- Assigned task
In your reply, print every line of the listing exactly and omit all images.

- Dataset excerpt
# # #
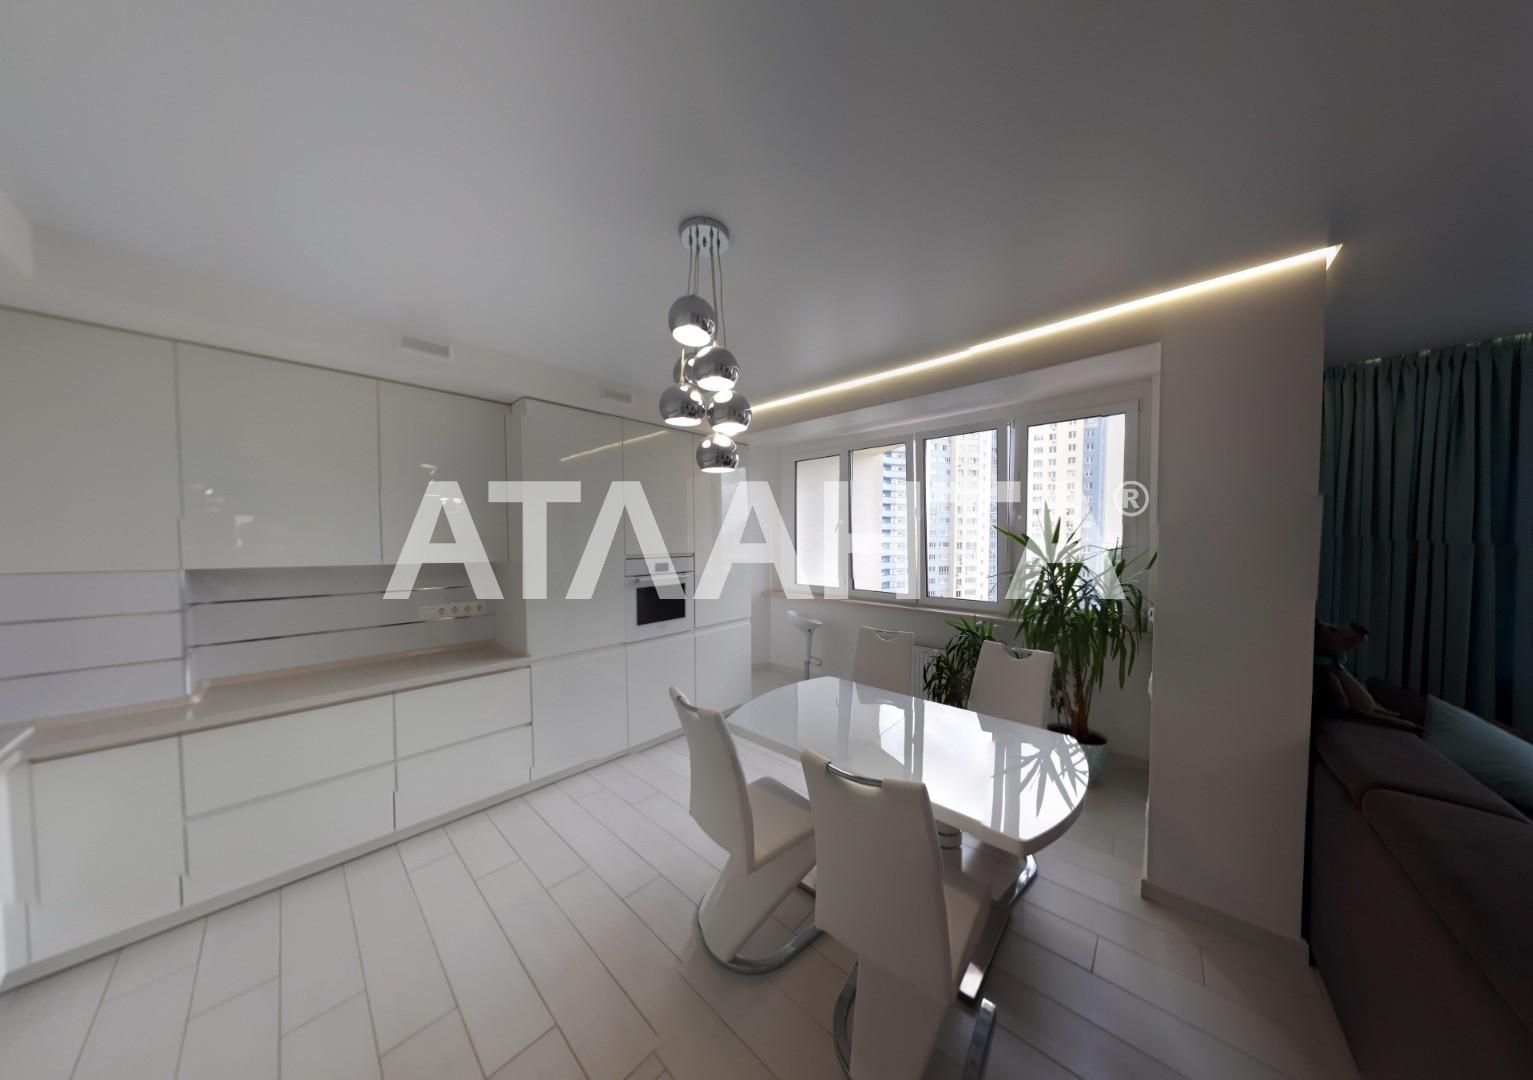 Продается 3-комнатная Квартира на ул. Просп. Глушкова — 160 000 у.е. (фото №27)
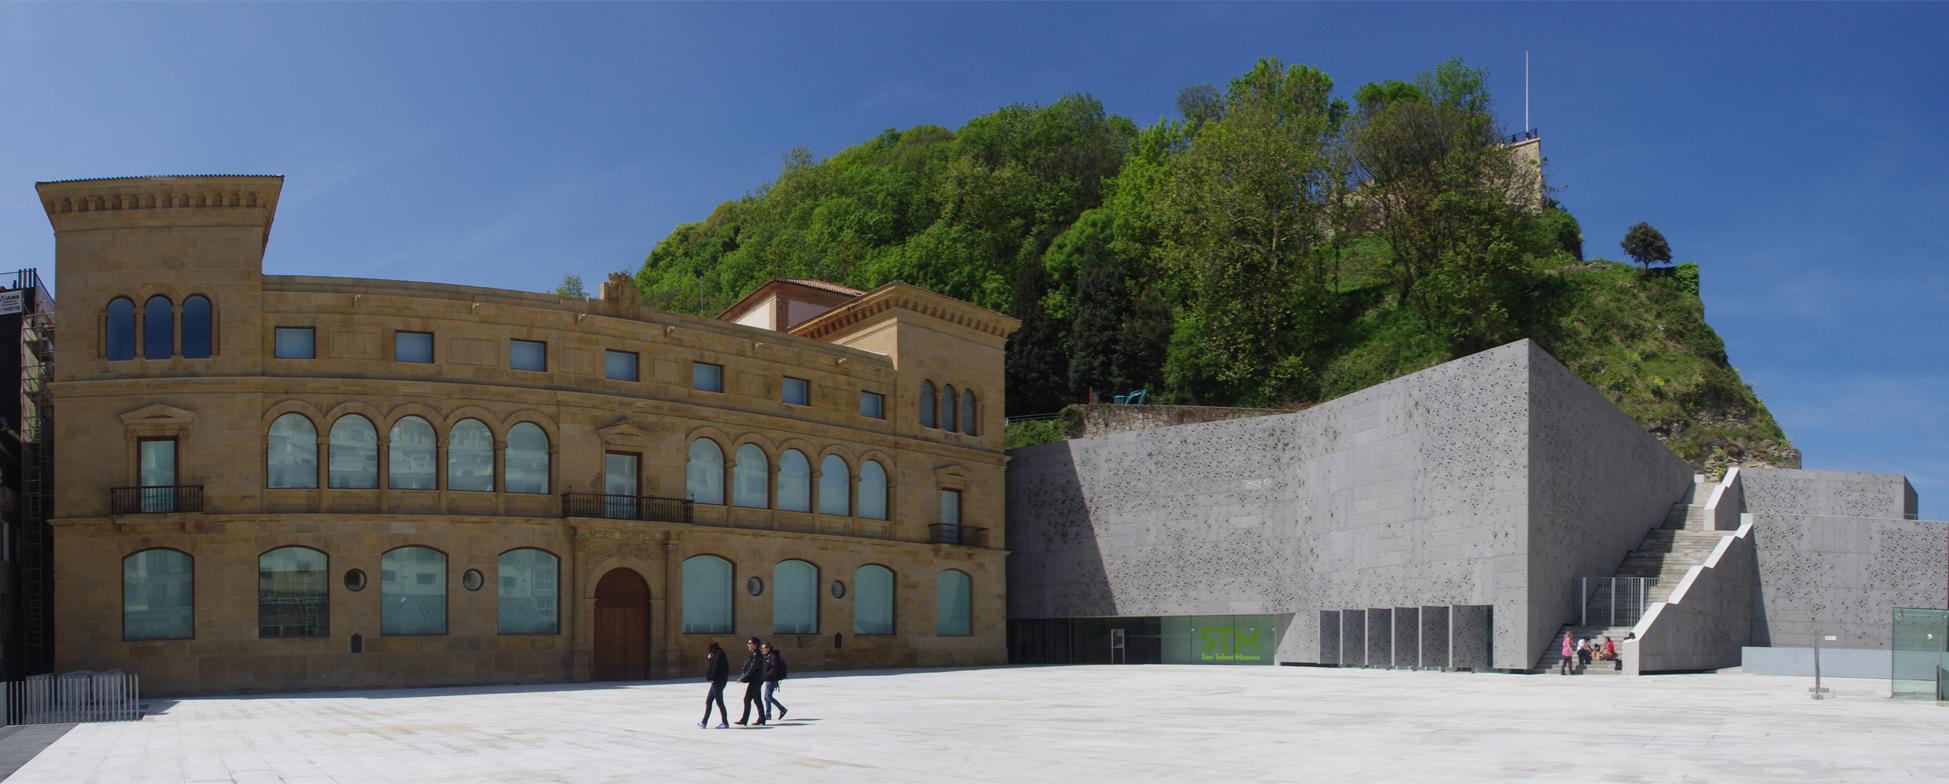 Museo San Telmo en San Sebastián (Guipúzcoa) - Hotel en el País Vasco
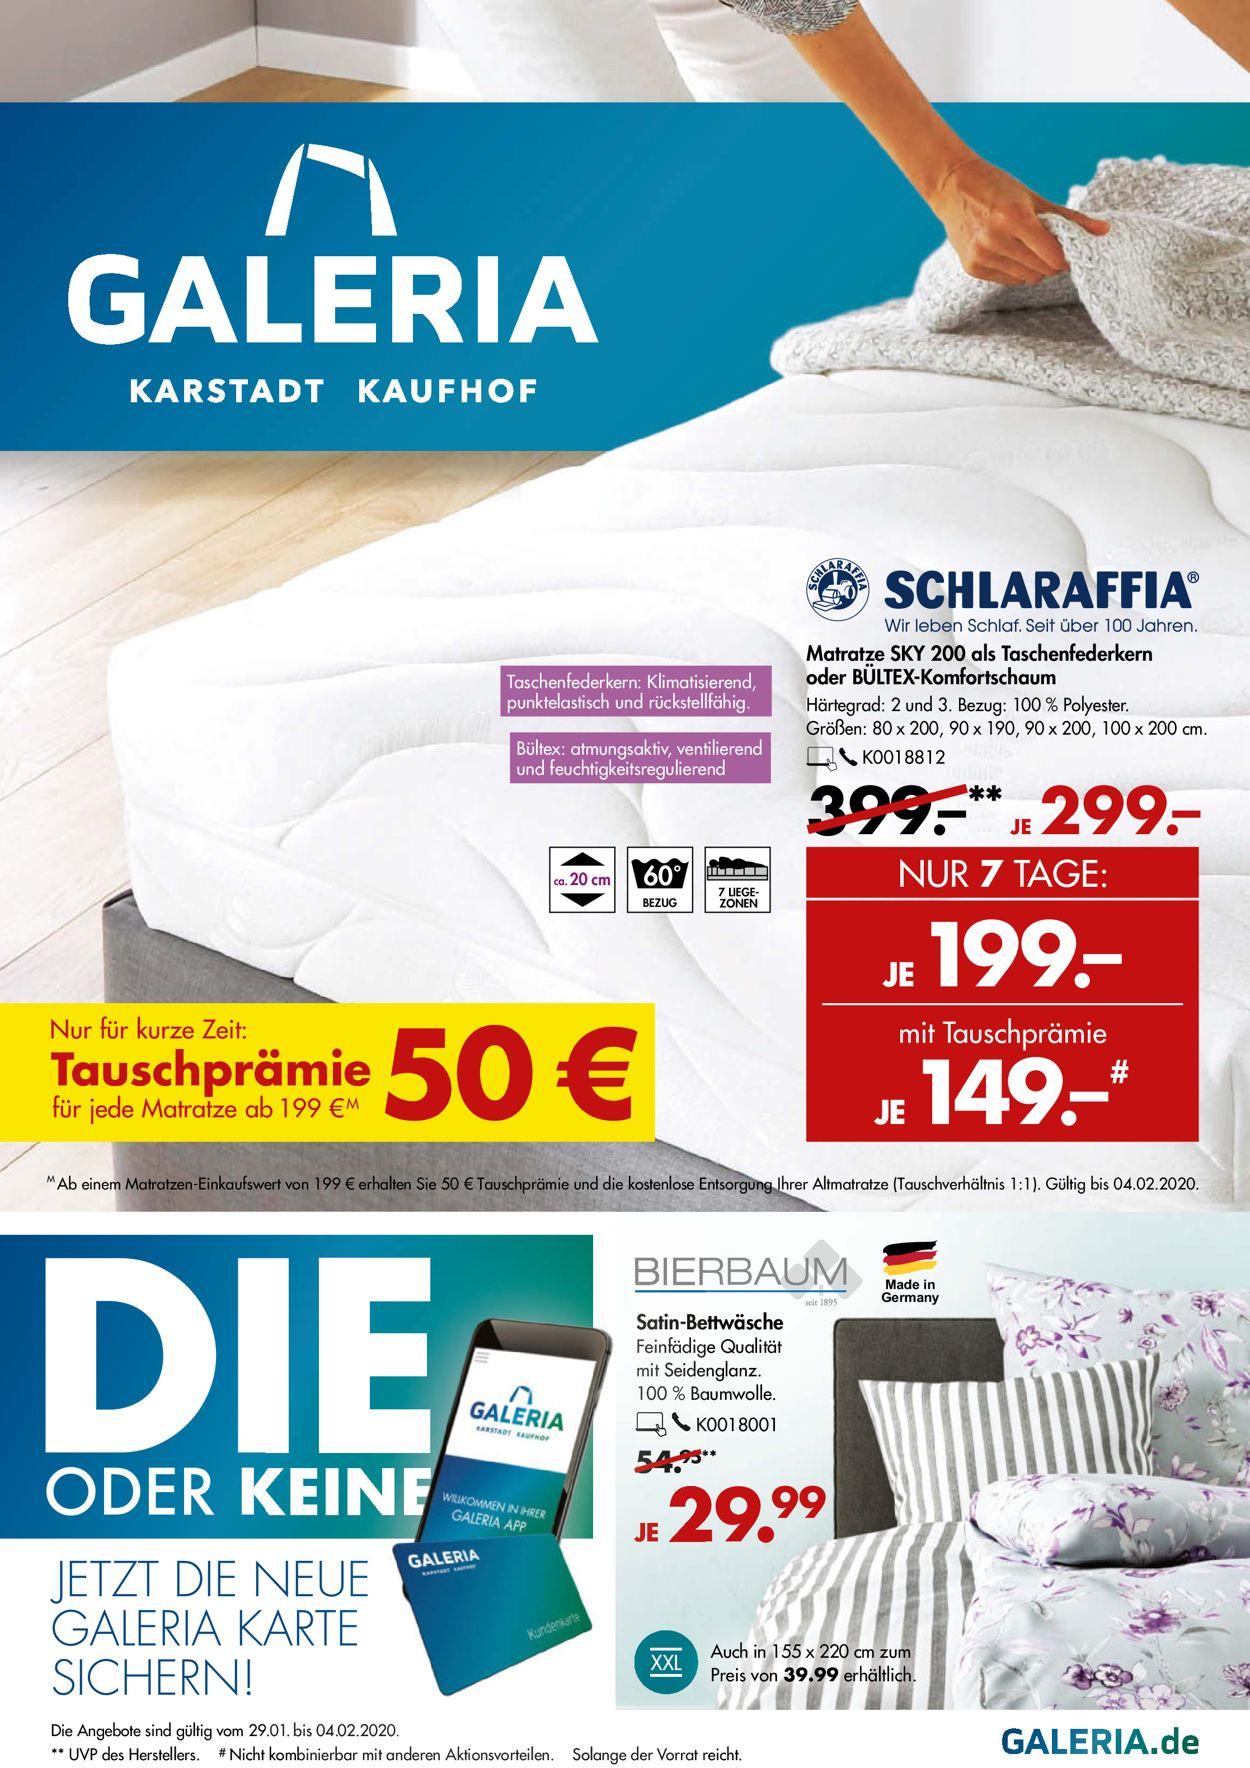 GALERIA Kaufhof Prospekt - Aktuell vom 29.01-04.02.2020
# # #
- Result
 Продается 3-комнатная Квартира на ул. Просп. Глушкова — 160 000 у.е. (фото №27)
 Museo San Telmo en San Sebastián (Guipúzcoa) - Hotel en el País Vasco
 GALERIA Kaufhof Prospekt - Aktuell vom 29.01-04.02.2020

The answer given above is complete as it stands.